[Coco] INSTR question

Mathieu Bouchard matju at artengine.ca
Sun Feb 19 13:23:03 EST 2017


Ruby's .index and =~ return nil, which is worth false in conditionals, but is 
distinct from it. nil, false and true are not of a number type. Also, Ruby's 
zero counts as a true value, so that a match at position zero counts as true.

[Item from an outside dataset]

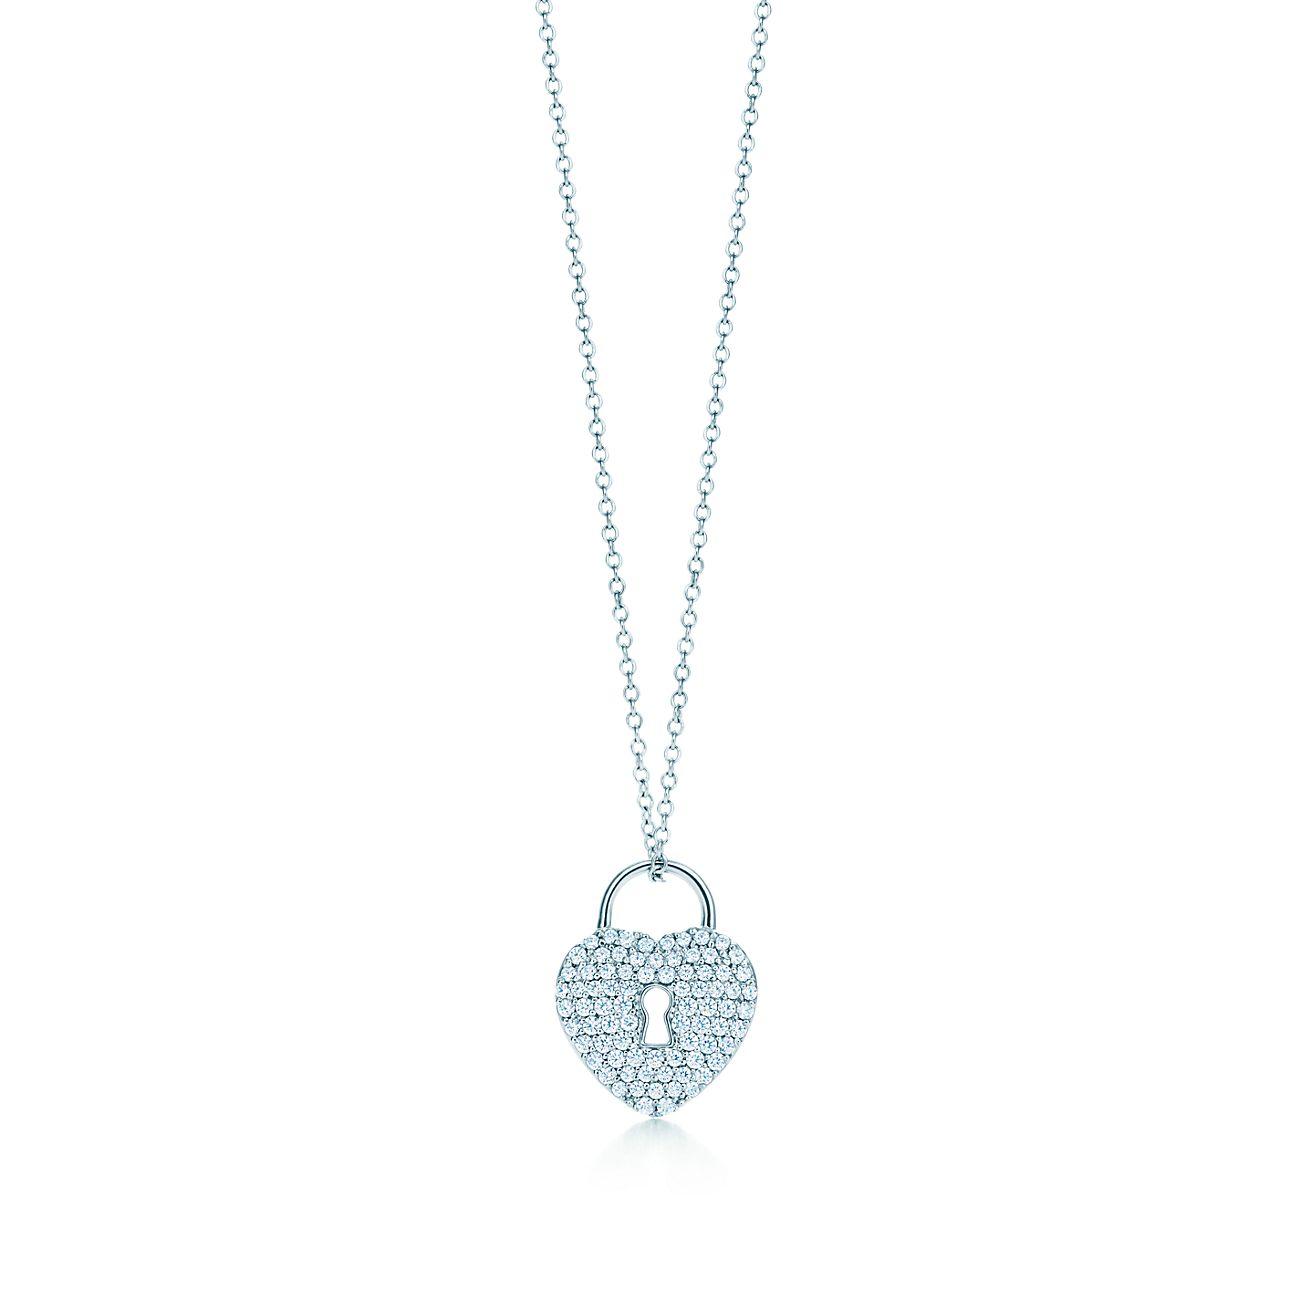 Tiffany locks heart lock pendant in platinum with diamonds on a 16 tiffany locksheart lock pendant aloadofball Gallery

Perl's .index returns -1. Perl has undef, which is similar to Ruby's nil and 
false, but is not used here. You're supposed to put <0 in the condition as in C 
language. Perl's =~ returns undef when not matching, and then you're not 
supposed to use the @- array.

Python's index throws a ValueError. A thrown value is not a return value, and to 
avoid aborting the program with "ValueError: substring not found", you have to 
do the equivalent of a temporary ON ERROR for just that error type or any 
broader category of errors:

   try:
       print "ABC".index("Z")
   except ValueError:
       print "not found !"

Python's re.search returns None, which is like Ruby's nil. if you call .start() 
on it, you'll abort with "AttributeError: 'NoneType' object has no attribute 
'start'". Normally you'd use an if-statement for avoiding that, not a 
try-statement.

Java's indexOf returns -1. Note that indexOf is constrained to returning 
integers, therefore it can't return null (equivalent of Ruby's nil). 
Javascript's indexOf returns -1 too, even though the language doesn't restrict 
types.

C's strstr is constrained to returning a pointer. You're supposed to check 
whether the pointer is NULL (which is zero), before subtracting s to find the 
index.

C++ STL's find is constrained to returning an unsigned integer. It returns 
std::string::npos, which is equal to the largest unsigned integer, which is 
really just a -1 in disguise (the return type of find doesn't allow negatives).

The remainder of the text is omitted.